Use when: You want to evaluate RAG or AI Agentic (e.g. AIP) responses with open source DeepEval's GEval metrics, allowing LLM outputs to be scored against any custom criteria.

By default, GEvalGenerationEvaluator runs three metrics: completeness, groundedness, and redundancy.

  1. Completeness: This is deepeval's g-eval completeness score. The score range is between 1 and 3. 1 means not complete, 2 means incomplete, and 3 means complete. It needs query, generated_response, and expected_response to work.

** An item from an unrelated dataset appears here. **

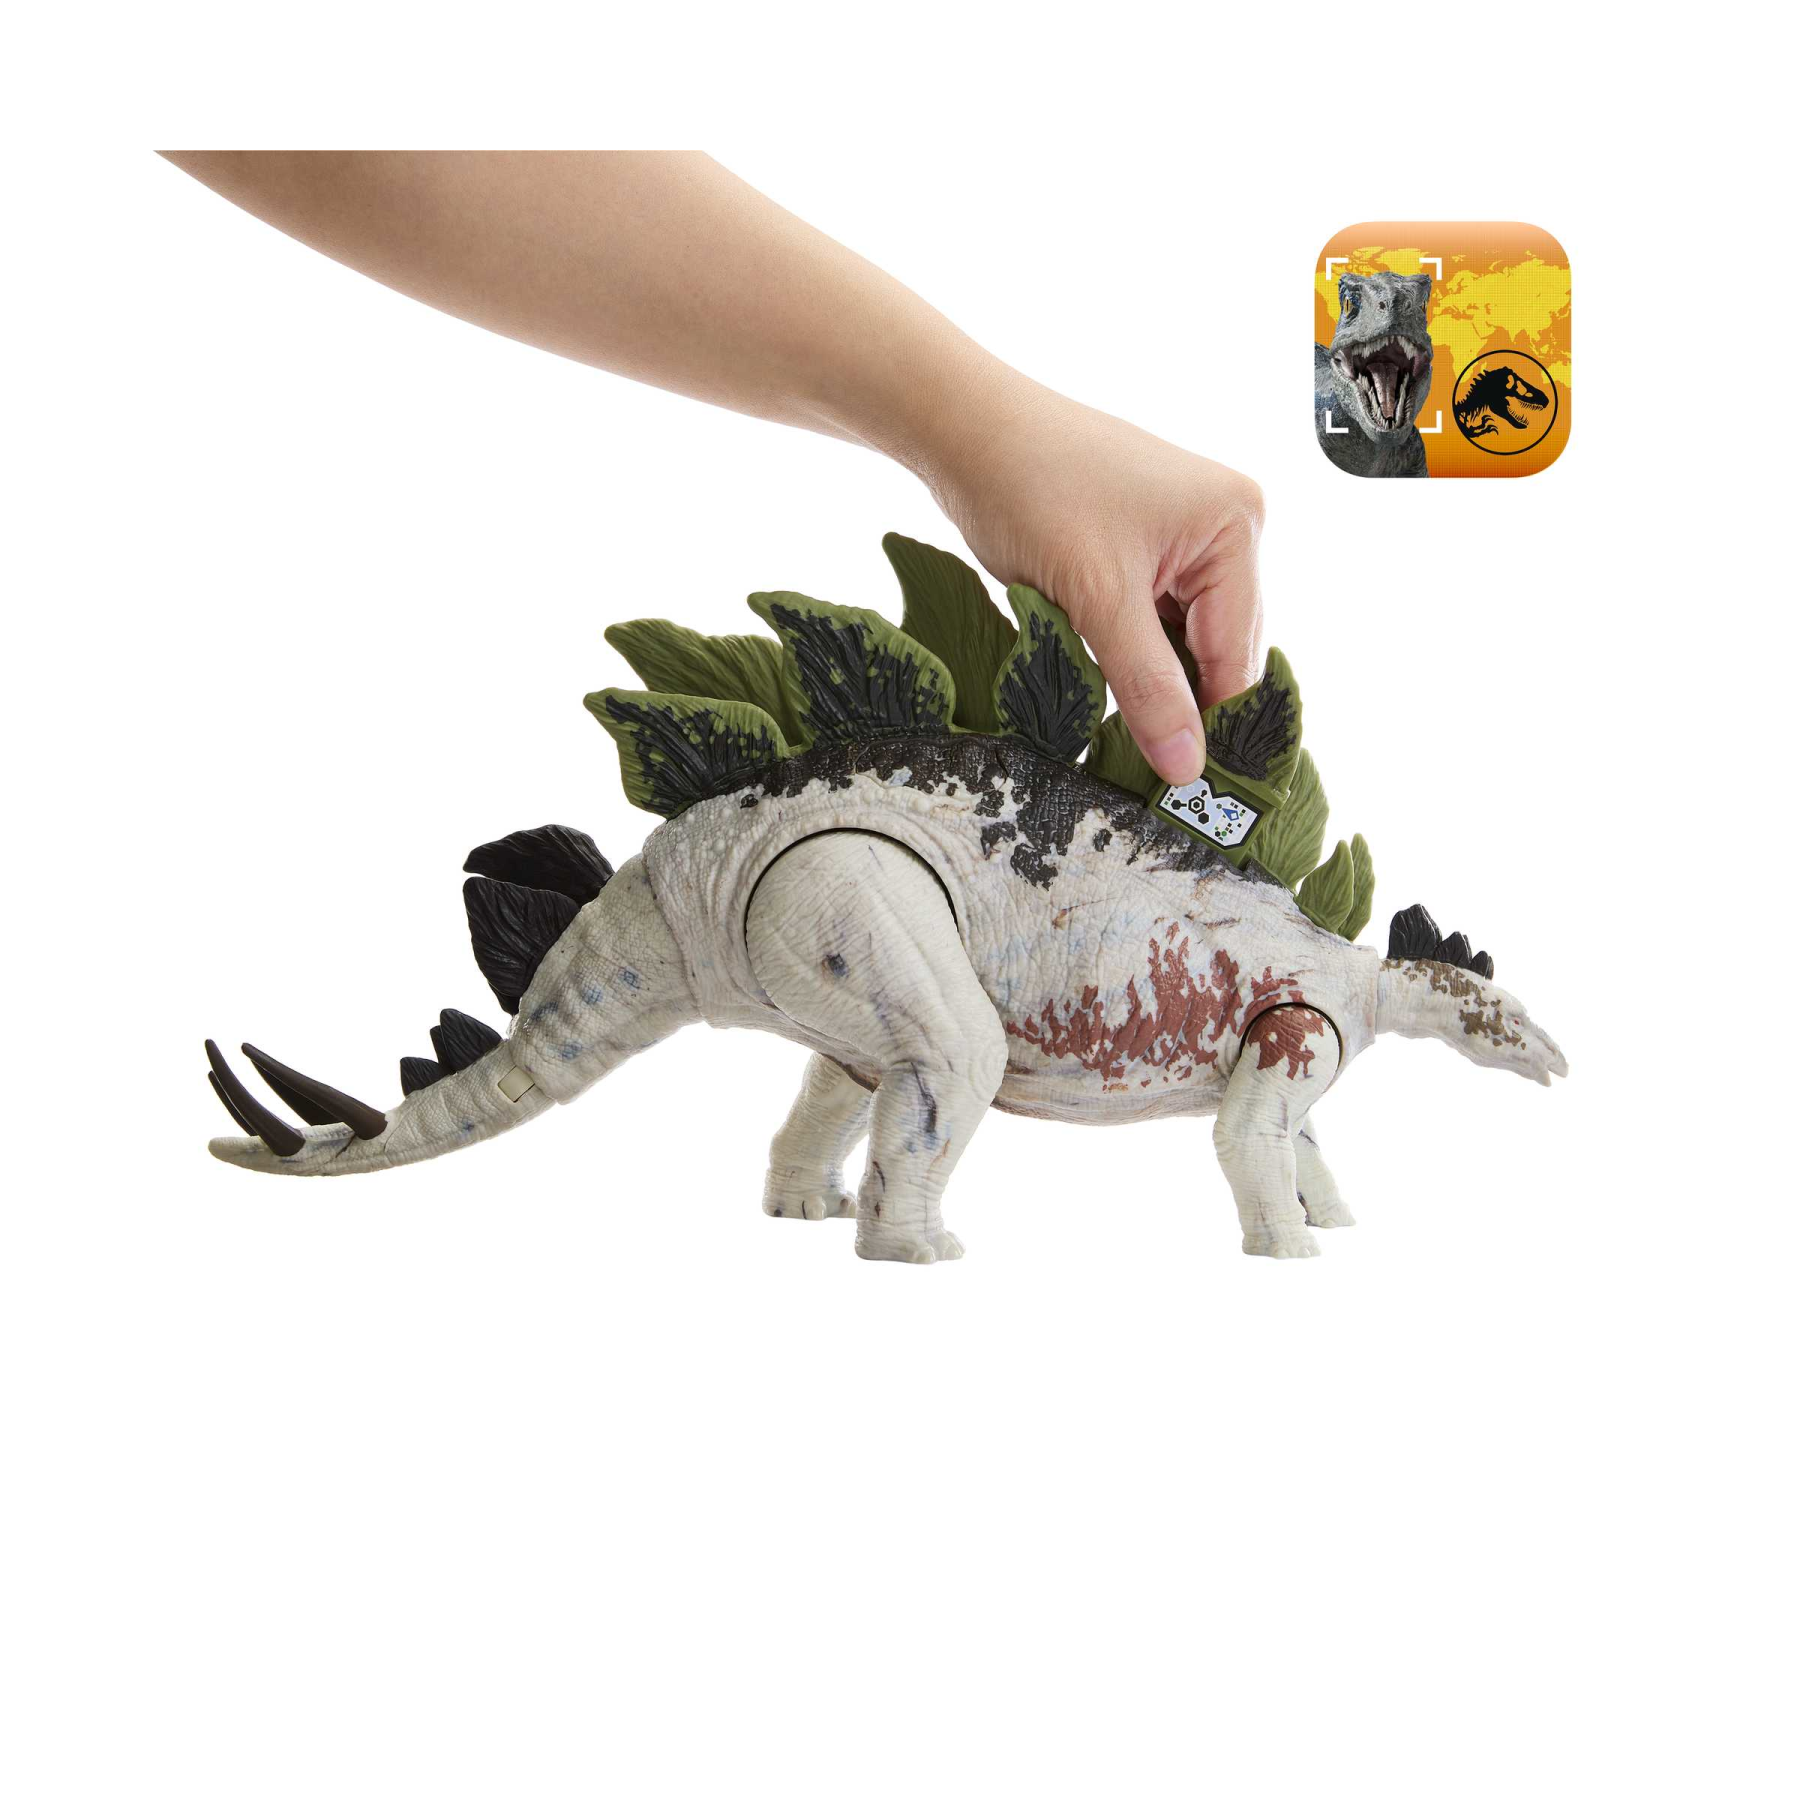 Jurassic world - predatori giganti stegosauro, dinosauro di grandi dimensioni con mossa d'attacco e attrezzatura di tracciamento, per gioco classico e digitale, giocattolo, 4+ anni, hlp24 - Jurassic World

  2. Redundancy: This is deepeval g-eval redundancy score. The score range is between 1 and 3. 1 means no redundancy, 2 at least one redundancy, and 3 means high redundancy. It needs query and generated_response to work.

  3. Groundedness: This is deepeval g-eval groundedness score. The score is between 1 and 3. 1 means not grounded, 2 means at least one grounded, and 3 means fully grounded. It needs query, generated_response, and retrieved_context to work.

  4. Language Consistency: This is deepeval g-eval language consistency score. The score is between 0 and 1. 0 means not consistent, 1 means fully consistent. It needs query and generated_response to work.

  5. Refusal Alignment: This is deepeval g-eval refusal alignment score. The score is between 0 and 1. 1 indicates correct alignment (both are refusal or both are not refusal), 0 indicates incorrect alignment (one is refusal, the other is not). It needs query, generated_response, and expected_response to work.

Fields:

  1. query (str) — The user question.

  2. generated_response (str) — The model's output to be evaluated.

  3. expected_response (str, optional) — The reference or ground truth answer.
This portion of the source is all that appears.